Nowadays a spinning preparatory machine cannot sufficiently take up the airstream carrying the fibres, particularly where two or more ducts are combined into a single transporting duct. The capacity of the subsequent fibre processing machine is then too small, and the situation can only be remedied by using an over-sized air separating plant.

An object of the present invention is to avoid these disadvantages and to provide a method and an apparatus which enable the quantity of transporting air to be adapted to the capacity of the subsequent spinning preparatory machine without impairing the fibre transport.

In the method according to the invention there is provided a method of separating air from a transporting duct in which a fibreflock-transporting air stream flows to a spinning preparatory machine, wherein the air stream is passed into a duct portion having a flow passage extending between a flow inlet and a flow outlet, said flow passing being of reducing cross section in the flow direction and being at least partially defined by an air permeable wall so that the air stream is divided by said portion into a fibre-carrying transporting air stream leaving said flow passage at said flow outlet and fibre-free exhaust air stream leaving said flow passage via said air permeable wall.

The invention will now be described with reference to the accompanying drawings in which: Fig. 1 is a schematic cross-section of an apparatus, according to this invention, Fig. 2 is a schematic illustration of the air speed and air quantity conditions in an intermediate section of the apparatus, and Fig. 3 is a vectorial diagram of the air speeds in an exhaust air-stream.

An input section 1 of a transporting air duct merges into a closed housing 2 in which the input section 1 is connected with a tapered tube 3. The tube 3 is provided with small circular air escape openings 4, the diameters of which are smaller than 3 mm and therefore considerably smaller than the fibre length, these openings being regularly distributed over the whole surface.

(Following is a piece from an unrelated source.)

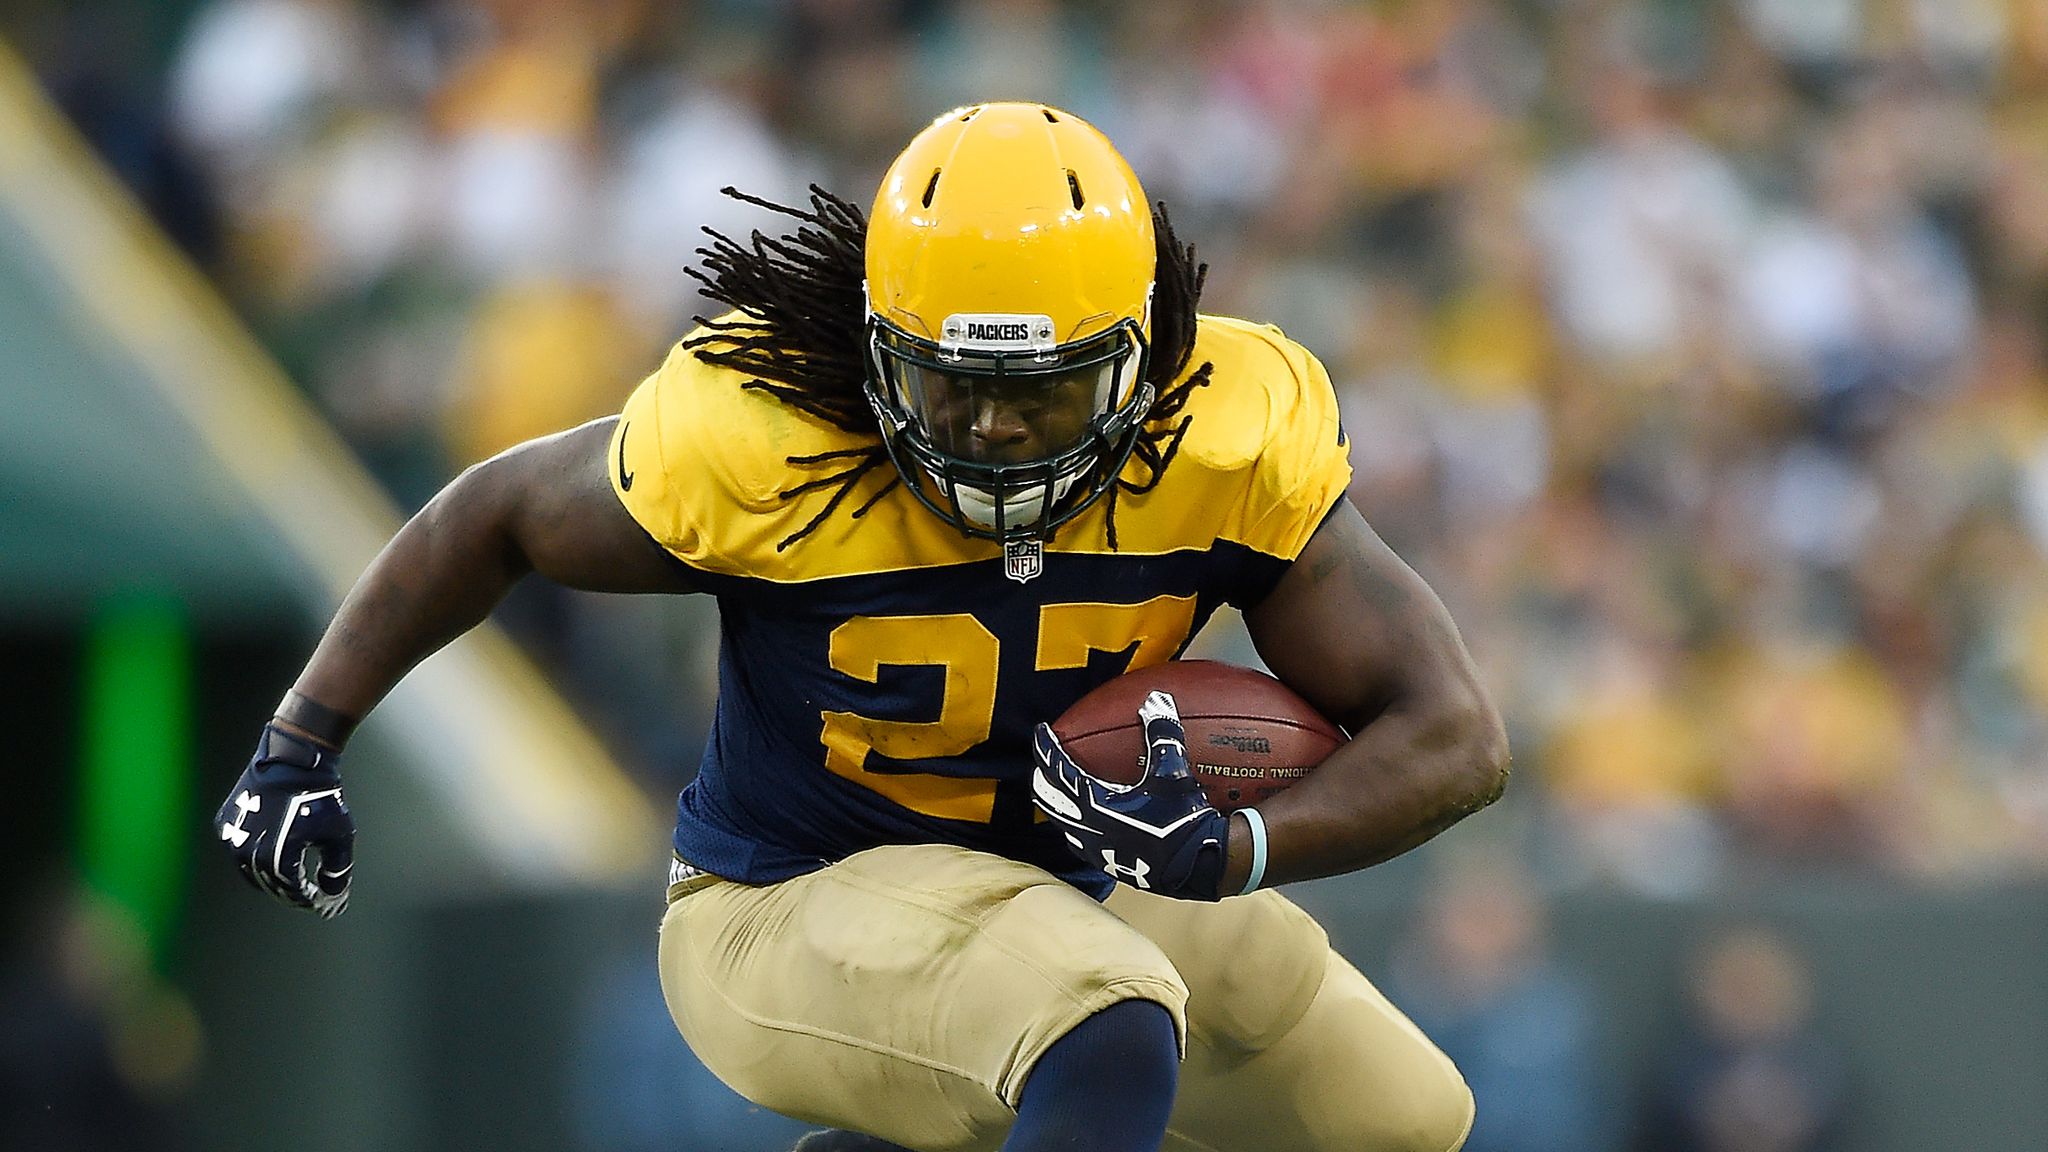 Green Bay Packers running back Eddie Lacy placed on injured

The distance between centres of neighbouring openings is preferably 2.5 mm if the diameter of the openings is 1.5 mm. The other end of the tapered tube 3 is connected to an output section 5 of the transporting duct which continues outside the housing 2.

The length of the tube 3 can be chosen freely but preferably it should not be less than 0.3 m and should not exceed 2.5 m. If the diameter (A) of the input section 1 is 300 mm and the diameter (B) of the output section 5 is 180 mm the length of the tapered tube 3 should for example, be, 1 m.

Preferably, the input diameter and the output diameter respectively of the tapered tube 3 coincide with the diameter A and B respectively. An exhaust air duct 6, the diameter of which is preferably about the same as diameter A, is connected to the housing 2. An adjustable baffle 7 can be arranged at the entrance of the exhaust air duct 6 or of the output section 5 and a dampening plate 8 can be arranged at the housing inside wall. The function of these is hereinafter described.

The apparatus now functions as follows: The air-stream 10 transporting fibre flocks 9 passes through the input section 1 of the transporting duct into the tube 3 in the housing 2 and on into the output section 5 of the transporting duct. In the tapered tube 3, part of the transporting air now escapes through the small openings 4 to the inside of the housing 2. Thus, the fibre flocks 9 are transported by the air-stream 11 remaining within the tube 3 through the output section 5 of the transporting duct to the subsequent spinning preparatory machine (not shown in the Figures). The air 12 which is separated into the housing 2 can be transferred through the exhaust air duct 6 to a central air conditioning plant (not shown) or can be transferred via a filter (not shown) back into the room.

The transporting air carrying fibre flocks can be pushed through the transporting air duct by an above-atmospheric pressure prevailing in the transporting duct as well as sucked through the transporting duct if a vacuum prevails.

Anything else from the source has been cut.